Ich parkte den Sportwagen auf dem Bürgersteig. Roy und ich stiegen aus und gelangten wenig später an eine Flatterband-Absperrung. Kollegen in Uniform hielten dort Wache. Wir zeigten unsere Ausweise vor und wurden durchgelassen.

„Wer leitet den Einsatz hier?“, fragte ich.

„Ja, mal immer mit der Ruhe“, sagte mein Gegenüber.

„Wenn ich heute noch Auskunft bekäme, wär das toll.“

„Wir sind auf der Arbeit, nicht auf der Flucht.“

„Ach, ja?“

Der Uniformierte deutete auf einen korpulenten Mann mit roten, kurz geschorenen Haaren. „Das ist der Chef!“

„Danke.“

„Jo, gern geschehen.“

„So kann man sich täuschen.“

„Wie?“

„Ach, nix.“

Wir gingen auf den Rothaarigen zu und stellten uns vor.

„Uwe Jörgensen, Kripo Hamburg.
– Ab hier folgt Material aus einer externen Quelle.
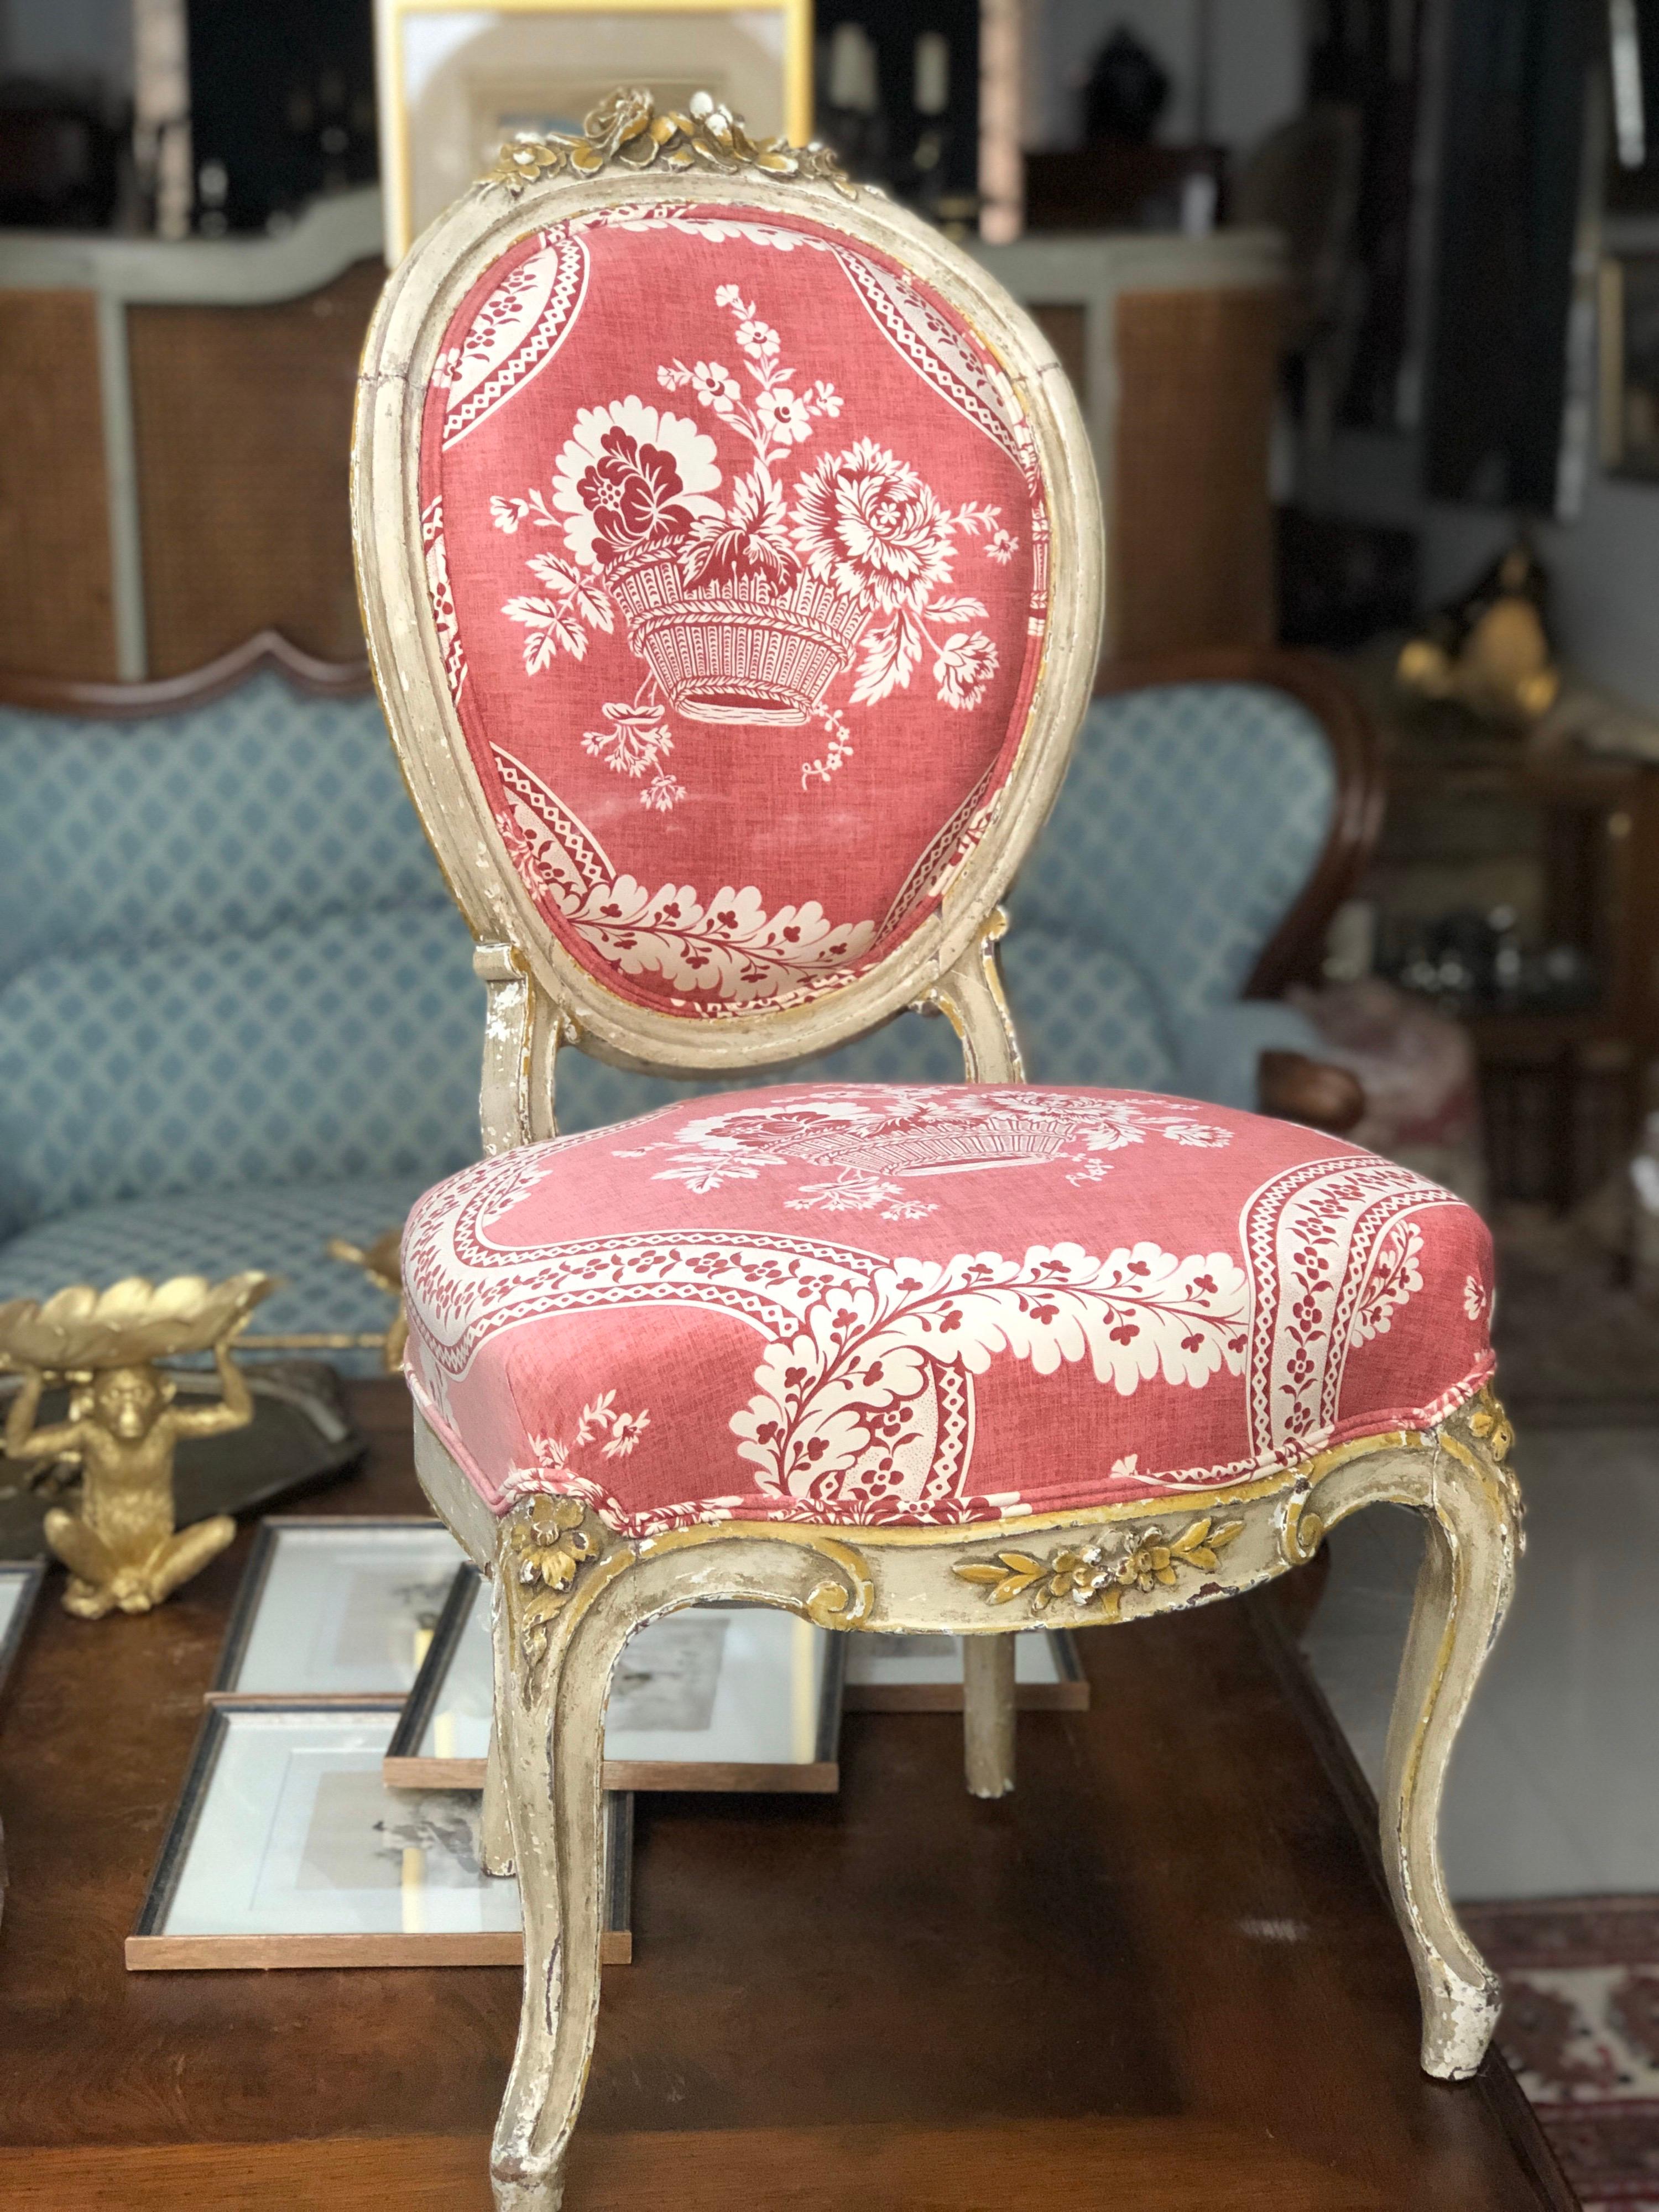 Französische Stühle aus dem 19. Jahrhundert, restauriert und cremefarben lackiert, mit zarter Goldlackierung. Die Stühle haben eine runde Rückenlehne im Louis XVI-Stil und sind in sehr gutem Zustand.
Frankreich, um 1890.

Dies ist mein Kollege Roy Müller.“

„Polizeiobermeister Robert Dennerlein“, erwiderte der 'Chef'. „Ich habe schon auf Sie gewartet. Wie viel wissen Sie denn schon?“

„Nur, dass es hier ein Haus voller Gift geben soll, das in Zusammenhang mit geplanten Terroranschlägen stehen könnte!“, sagte ich.

Dennerlein nickte. „Dieses Gebäude ist bis unters Dach mit völlig unzureichend gesicherten Behältern voll gestellt, die hochgiftige Substanzen beinhalten. Darunter offenbar auch Stoffe, die Dioxin enthalten sowie stark ätzende Substanzen. Kinder haben auf dem Gelände gespielt. Zwei Jungen sind durch ein Fenster gestiegen und wurden kontaminiert.“

„Wie geht es ihnen?“, fragte Roy.

Dennerlein hob die Augenbrauen und machte ein sehr ernstes Gesicht. „Der Rettungsdienst hat sie abgeholt und in das Albert Schweizer Krankenhaus gebracht. Es waren noch fünf weitere Jungen – alle so um zehn Jahre – dabei. Die haben schließlich auch dafür gesorgt, dass Hilfe geholt wurde.“

„Wo sind diese fünf Jungen jetzt?“, fragte ich.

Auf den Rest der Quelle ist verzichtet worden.